Primary Outcome Measures:
- New or recurrent HIV disease progression event including death [ Time Frame: 4 to 6 years from the beginning of the study ] [ Designated as safety issue: Yes ]
Secondary Outcome Measures:
- New or recurrent serious HIV disease progression event including death [ Time Frame: Throughout study and 4 to 6 years from the beginning of the study ] [ Designated as safety issue: Yes ]
- All-cause mortality [ Time Frame: Throughout study and 4 to 6 years from the beginning of the study ] [ Designated as safety issue: Yes ]
- New disease progression event including death [ Time Frame: Throughout study and 4 to 6 years from the beginning of the study ] [ Designated as safety issue: Yes ]
- Absolute CD4 cell counts and percent CD4+ of lymphocytes [ Time Frame: Throughout study and 4 to 6 years from the beginning of the study ] [ Designated as safety issue: Yes ]
- Plasma HIV RNA levels [ Time Frame: Throughout study and 4 to 6 years from the beginning of the study ] [ Designated as safety issue: No ]
- Changes in antiretroviral treatment [ Time Frame: Throughout study and 4 to 6 years from the beginning of the study ] [ Designated as safety issue: No ]
- Grade 4 signs and symptoms [ Time Frame: Throughout study and 4 to 6 years from the beginning of the study ] [ Designated as safety issue: Yes ]
- Pattern of use of prophylaxis for opportunistic infections [ Time Frame: Throughout study and 4 to 6 years from the beginning of the study ] [ Designated as safety issue: No ]
- Hepatic, metabolic, and cardiac conditions [ Time Frame: Throughout study and 4 to 6 years from the beginning of the study ] [ Designated as safety issue: Yes ]
Much progress has been made in implementing potent antiretroviral therapy that is able to maximally suppress viral replication. However, these drug combinations do not result in viral eradication and, for many patients, virologic and immunologic control cannot be maintained. Even among patients with apparent virologic control, a "ceiling effect" seems to exist with failure of CD4 cell counts to rise on average more than 100 to 150 cells/mm3, at least during the first 2 years of therapy. The incomplete recovery of immune function after initiation of therapy remains an obstacle in the management of HIV. Preservation of immune function by direct expansion of CD4 lymphocytes with IL-2 could represent a significant additional treatment strategy. It also has been speculated recently that IL-2 in combination with potent antiretroviral therapy may be a useful approach for purging HIV from the latently infected CD4 cells. It is hoped that intervention with rIL-2 therapy in combination with antiretroviral therapy at an early stage of HIV infection can prevent CD4 T-cell depletion and result in fewer AIDS-defining illnesses than with antiretroviral therapy alone.

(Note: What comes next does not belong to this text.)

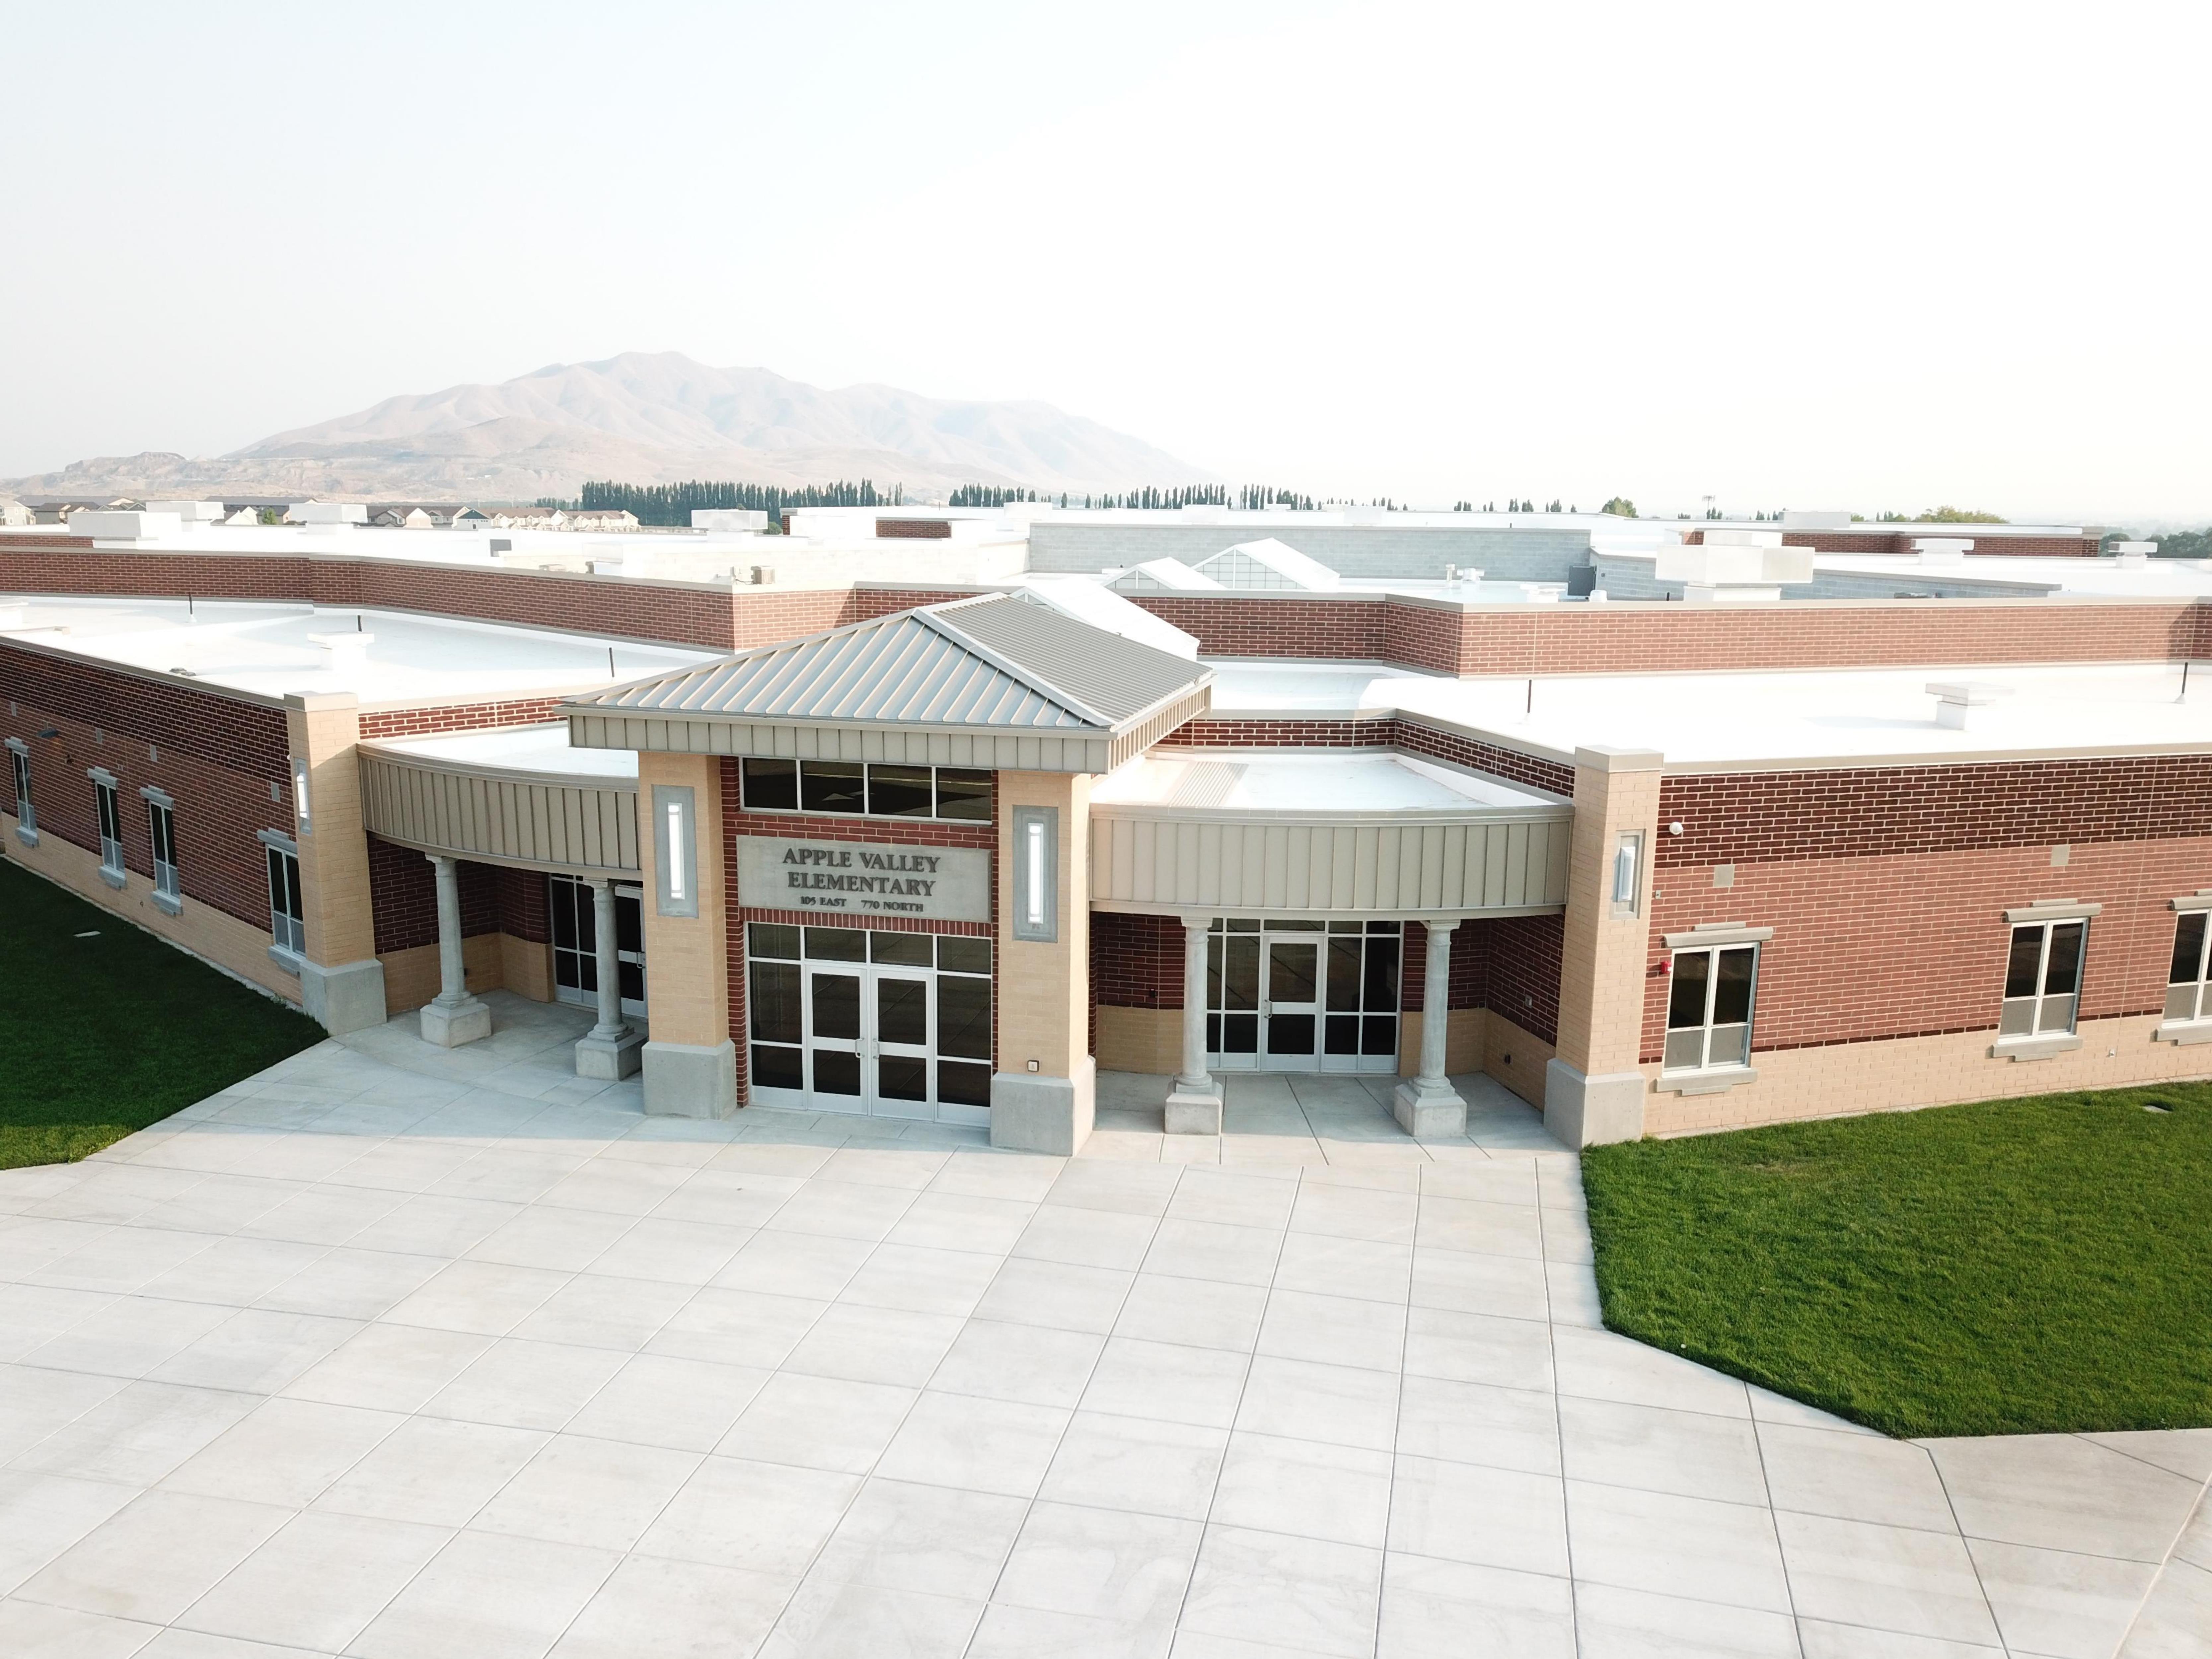 Apple Valley Elementary

Patients are randomized to receive SC rIL-2 therapy or no SC rIL-2 therapy. All patients must receive combination antiretroviral treatment, with the choice of therapy at the discretion of the treating clinician. However, antiretroviral medications are not provided by this study. Recombinant IL-2 is given SC for 5 consecutive days every 8 weeks for at least 3 cycles unless toxicities or other contraindications develop. After the first three cycles, additional cycles are given at the discretion of each patient's physician, with a general goal of maintaining the patient's CD4 cell count at twice the baseline level or at 1,000 cells/mm3 or above for as long as possible. Patients in the no SC rIL-2 group receive no injections. Patients in both treatment groups are seen every 4 months for follow-up data collection to monitor viral load and CD4 cell counts. All patients are followed for an average of 5 years. During the trial, patients in the no SC rIL-2 group are not given rIL-2 at any point. However, at the end of the study, if rIL-2 is found to be effective in reducing the rate of disease progression [AS PER AMENDMENT 12/15/00: (new and recurrent events)], including death, all patients are offered rIL-2.